Его дочерна смуглое лицо блестело от пота. В сознании Ожулун мелькнула картина предстоящей ночи, сердце стиснуло от ужаса, но что самое страшное – ей показалось это грехом неверности перед тем, которого она против воли своей называла в мыслях суженым!..
– Нет! – вспыхнула Ожулун. – Давай отправимся сейчас! Или переправимся на другой берег вплавь и там заночуем?!
– Что с тобой? Ты чего-то боишься?! Тебя кто-то напугал?! Тут был кто-то?! – обратился он к старому слуге Нахаю.
– Кому тут взяться… – развел руками Нахай. – В это время людей бояться не стоит.
– Дичи полно, – поддержала мужа старуха Маргаа, – от сытости даже хищник обретает добрый нрав.
– Так что с тобой? Почему тебе не нравится здесь? – Чилэди вновь посмотрел на Ожулун.
– Нет-нет, – отвела она взгляд, – нравится. Просто почему-то захотелось на тот берег…
– Ладно, – по-отечески улыбнулся муж. – Пообедаем и отправимся в путь. Еще не поздно. Переправимся и переночуем на том берегу.
У Ожулун не то в глазах потемнело, не то она их просто закрыла от стыда: лучше бы Чилэди не был так заботлив…
– Не искупать бы невестку, – улыбнулась Маргаа. – Ей продолжать великий род, а вода еще холодная…
– Я с людьми отправлюсь вперед: одни подготовят переправу, а другие переправятся на тот берег и начнут разводить костры, чтобы к прибытию молодых все было готово. Но прежде надо накормить людей.

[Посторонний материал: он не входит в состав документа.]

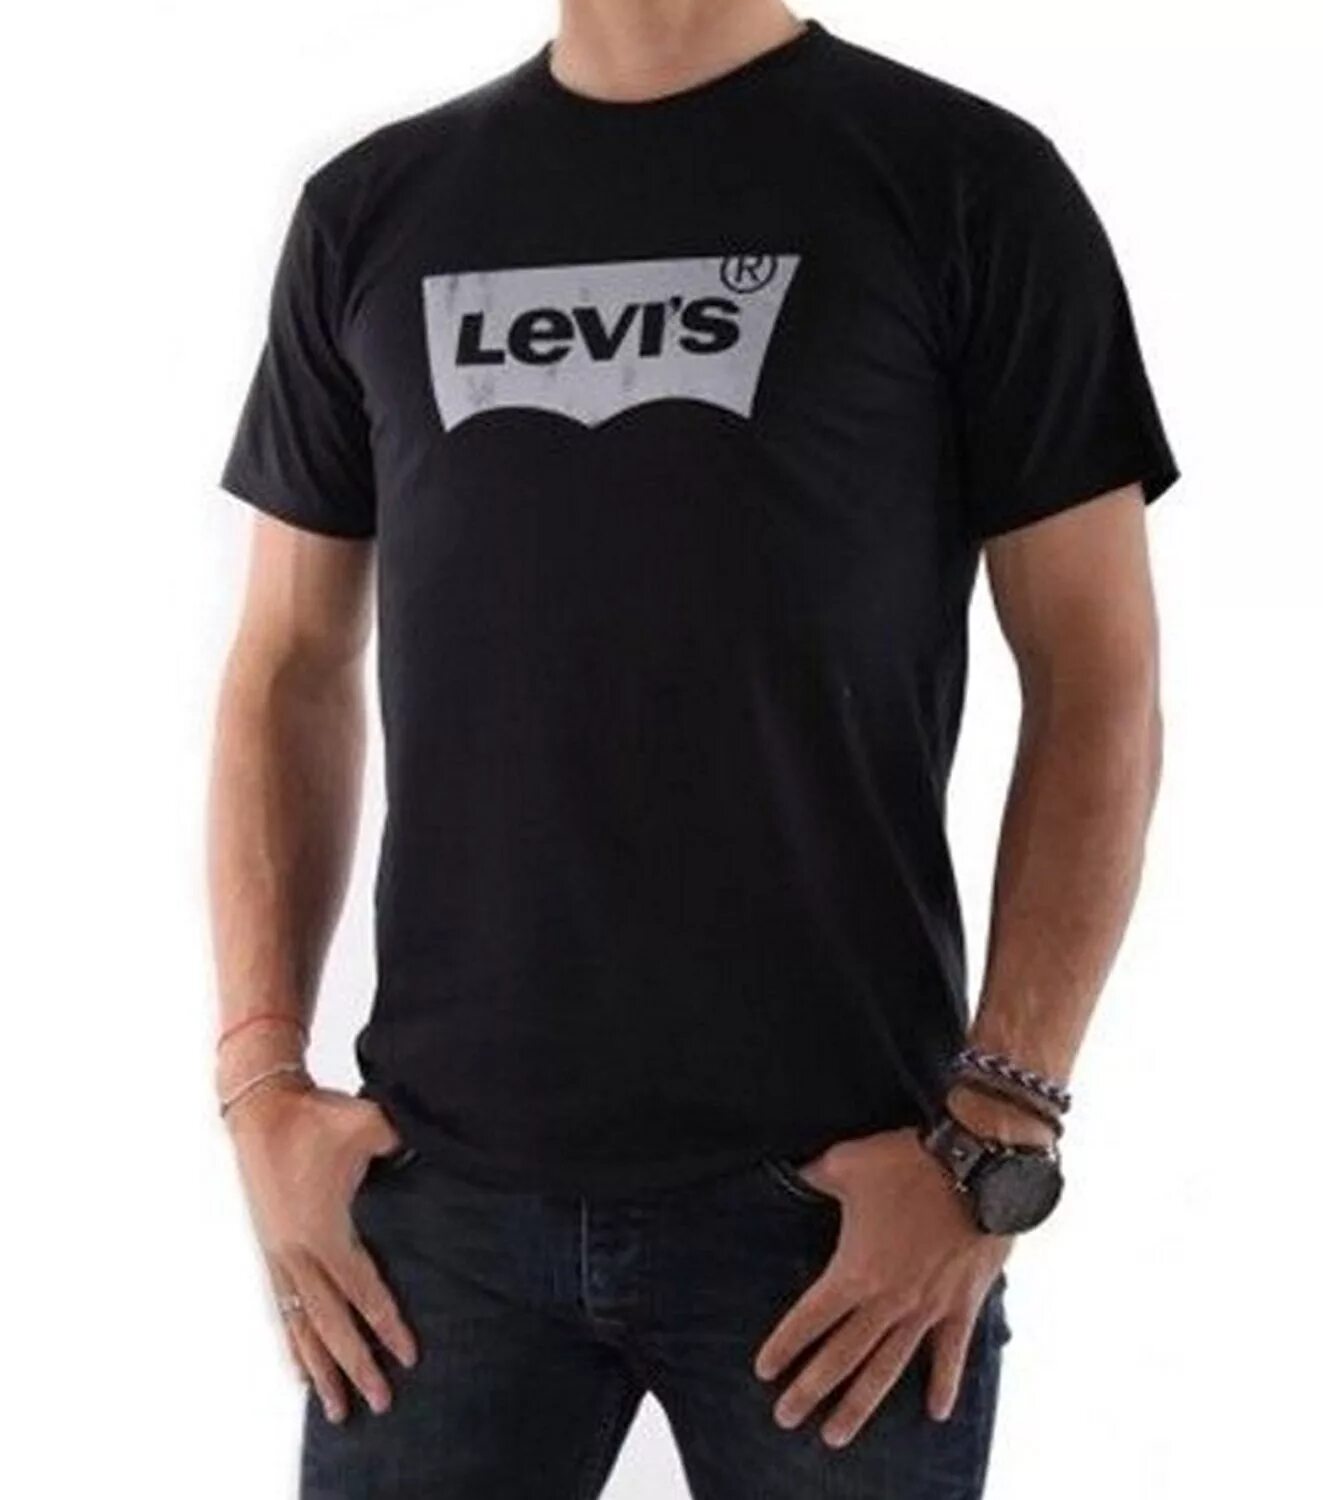 Левайс майка черная мужская. Футболка Levis мужская лого. Футболка левайс черная мужская. Levis женская черная футболка Levis.

Челядь, как условились, двинулась сразу после обеда. Ожулун провожала их взглядом в непрекращающейся тревоге. Но уже скоро на противоположной стороне реки, вдали, заполыхали огни. Она успокоилась.
Чилэди тем временем сам запряг лошадь, усадил, легко приподняв, жену на арбу. Сел верхом на своего скакуна, а поводья упряжи привязал к седлу. Ожулун прилегла на мягкое ложе из овечьих шкур и под мерное покачивание задремала.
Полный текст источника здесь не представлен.